Third, the instructed self-adaptor posture, placing both hands on the cheeks, may not fully reflect the most natural form of self-adaptor behaviour typically observed in spontaneous communication. This design choice was based on pilot observations and prior research (e.g., Fujii, 1997; Harrigan, 1985; Spille et al., 2021), which consistently identified the face, particularly the cheeks and jaw, as one of the most frequently contacted regions during verbal tasks. Although this standardisation improved procedural consistency across participants, it may have limited ecological validity. In naturalistic settings, individuals differ in their preferred self-adaptor locations, and alternative forms such as arm-touching may vary not only in frequency but also in cognitive function. Future studies should systematically compare different forms and locations of self-adaptor behaviour to determine whether their cognitive effects vary depending on the body region involved.

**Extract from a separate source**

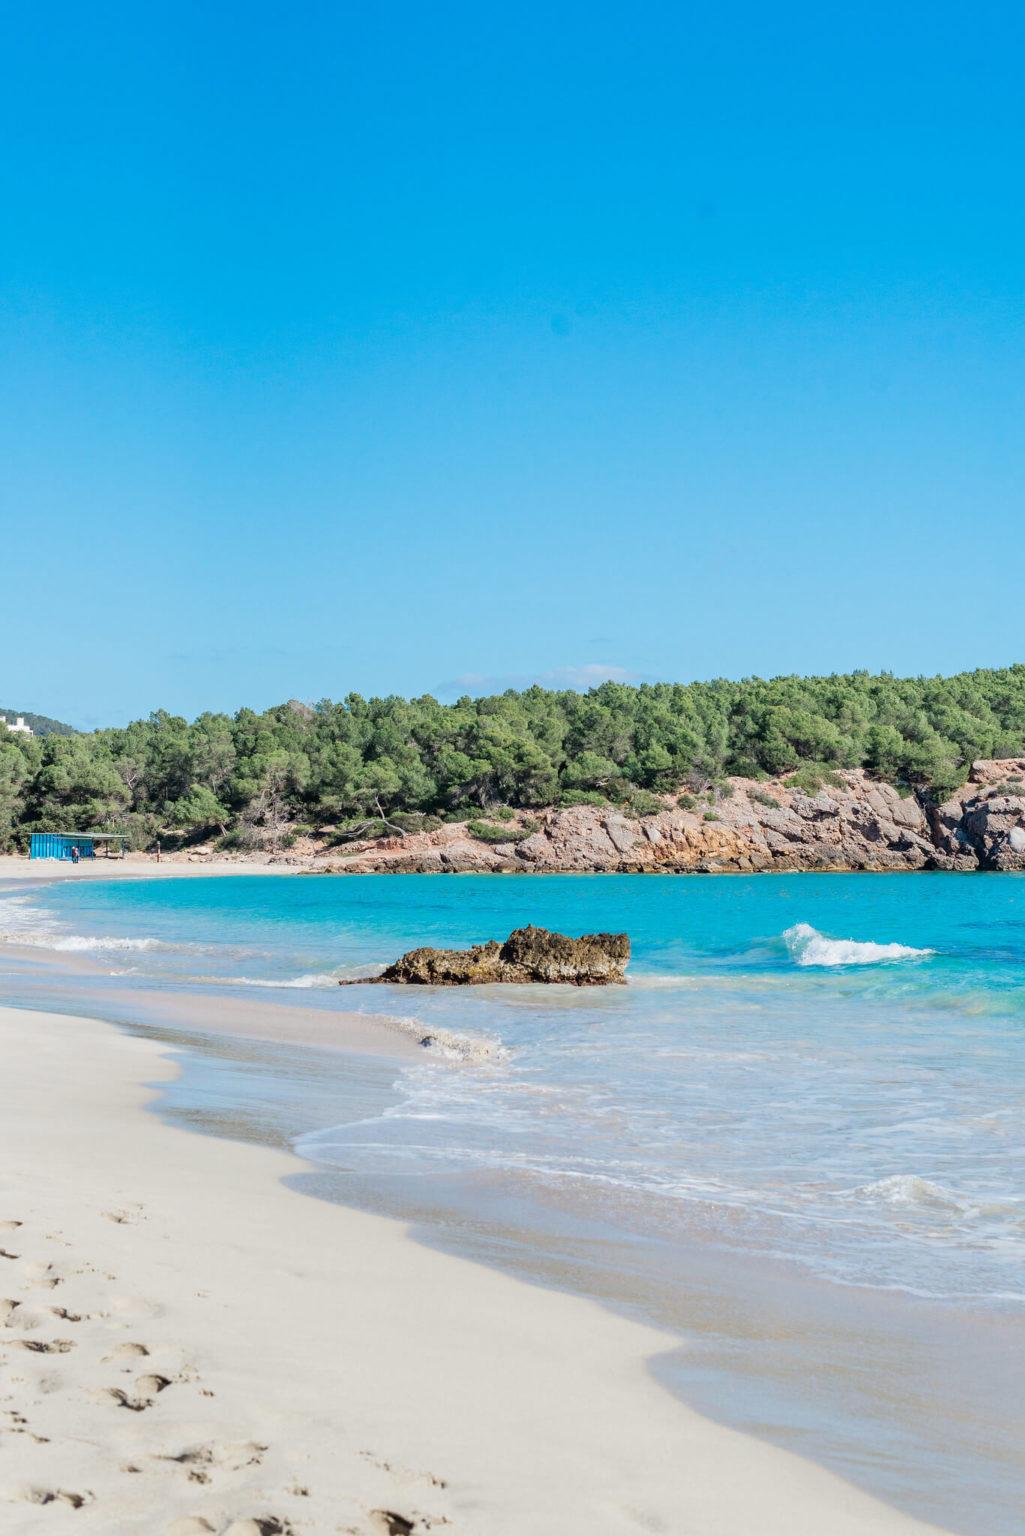 https://www.white-ibiza.com/wp-content/uploads/2020/03/ibiza-beaches-cala-nova-06-1025x1536.jpg

Fourth, a further limitation concerns the nature and familiarity of the verbal stimuli used in the present study. While all idioms and proverbs were familiar to participants upon recognition, four-character idioms are generally less frequently used in everyday communication, particularly among younger adults. As such, task difficulty may have been influenced by both the semantic opacity of these expressions and the relatively narrow age range of participants. Additionally, the use of abstract verbal stimuli may have limited the opportunity for gesture-supported retrieval. In contrast, previous research has employed more concrete, imageable words and reported facilitative effects of gesture (e.g., Pine et al., 2007). Future studies should examine age-related differences in idiom retrieval and directly compare imageable and non-imageable stimuli within participants. Such comparisons would help clarify how stimulus characteristics and participant demographics interact to influence the effectiveness of gesture and self-adaptor behaviours in lexical retrieval.

Fifth, while the current study focused on structured lexical retrieval tasks, future work could explore the role of self-adaptors in more naturalistic settings such as daily conversation or narrative production. These contexts may offer further insight into the spontaneous and functional use of self-adaptors in everyday communication, thereby enhancing our understanding of their cognitive and social significance.

5. Conclusions

The findings of the present study demonstrate that self-adaptor behaviour can facilitate lexical retrieval. However, the results also suggest that such behaviour does not significantly influence word retrieval once a tip-of-the-tongue (TOT) state is already in progress. This study contributes to research on communication and language processing by providing empirical evidence that self-adaptor actions may support lexical access by helping maintain cognitive focus, particularly under cognitively demanding speech production conditions.